Member of the Greenlandic Parliament
- In office 2003–2005

Personal details
- Born: 24 July 1972 (age 53) Nuuk, Greenland, Kingdom of Denmark
- Citizenship: Kingdom of Denmark
- Party: Siumut

= Kiista P. Isaksen =

Greenlandic politician

Kiista "Kiiki" P. Isaksen (born 24 July 1972) is a Greenlandic politician (Siumut).

==Early life and career==
Kiista P. Isaksen was born in Nuuk on 24 July 1972, the daughter of midwife Nuka Poulsen.

Isaksen graduated from school in Qaqortoq in 1989 and then studied psychology and pedagogy at the social college in Thy. She trained as a social counselor from 1991 to 1994 and then worked as such for the Narsaq community. From 1995 to 1997, she was head of the crèche. She then trained to be a teacher for two years, but nevertheless began to work again as a social counselor for the community, in a managerial position from 2001.

==Political career==
In the municipal elections of 2001, Isaksen was elected to the Narsaq Municipality Council. She also stood as a candidate in the 2002 parliamentary election and came fourth representing Siumut, from where she sat in the Inatsisartut several times between 2003 and 2005. In the 2005 local elections, she received the most votes of any candidate in Narsaq Municipality and was appointed mayor. In the parliamentary elections of 2005, she no longer ran because of her mayoral activity. In the local elections of 2008, she was elected to the council of the new municipality of Kujalleq.

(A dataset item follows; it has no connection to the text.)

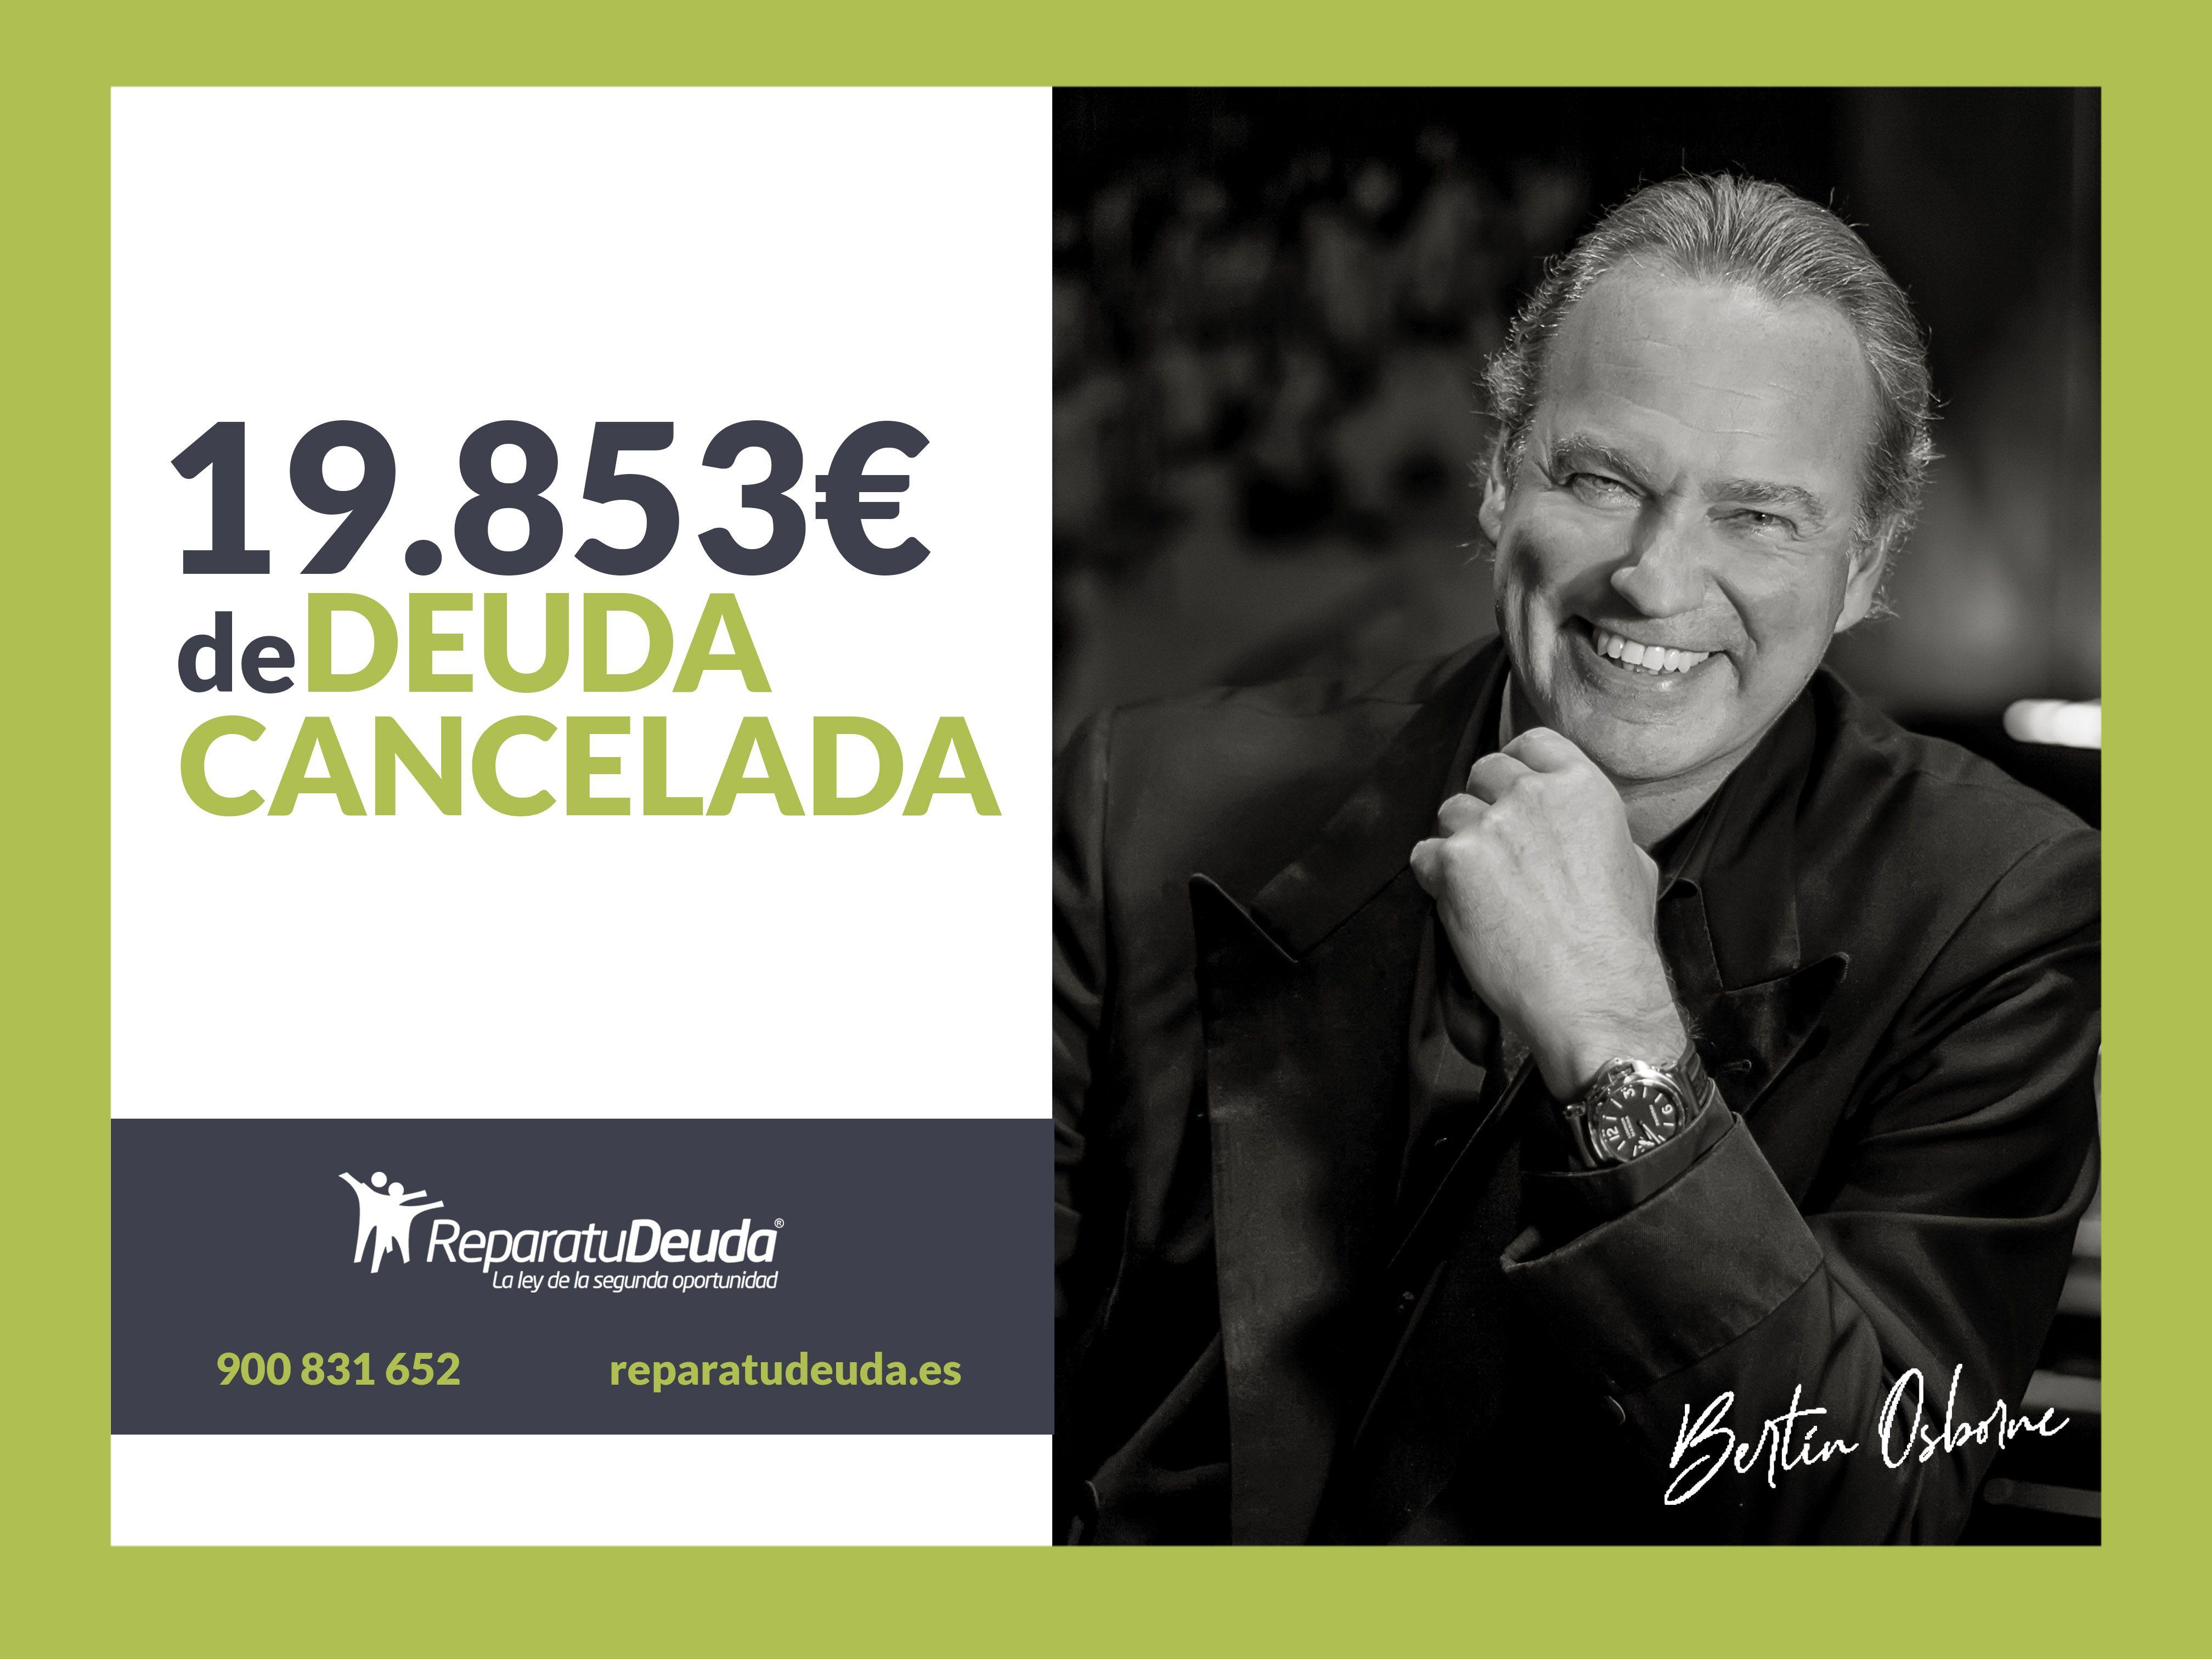 Repara tu deuda Abogados cancela 19.853 ? en Madrid con la Ley de la Segunda oportunidad

In 2009, Isaksen resumed her work as a social counselor. In 2011 she became head of social affairs for the municipality, specialist adviser in 2015 and in 2016 head of children and youth for the municipality of Kujalleq. She was re-elected in the 2013 local elections. Four years later, she received the most votes in the local elections and was elected Mayor of Kujalleq. In the 2021 local elections, the Siumut lost power to the Inuit Ataqatigiit and Isaksen was replaced as mayor by Stine Egede.

==Personal life==
On 27 December 1992, Isaksen married hospital administrator Thorvald Isaksen (b. 1971), with whom she has three children and two grandchildren.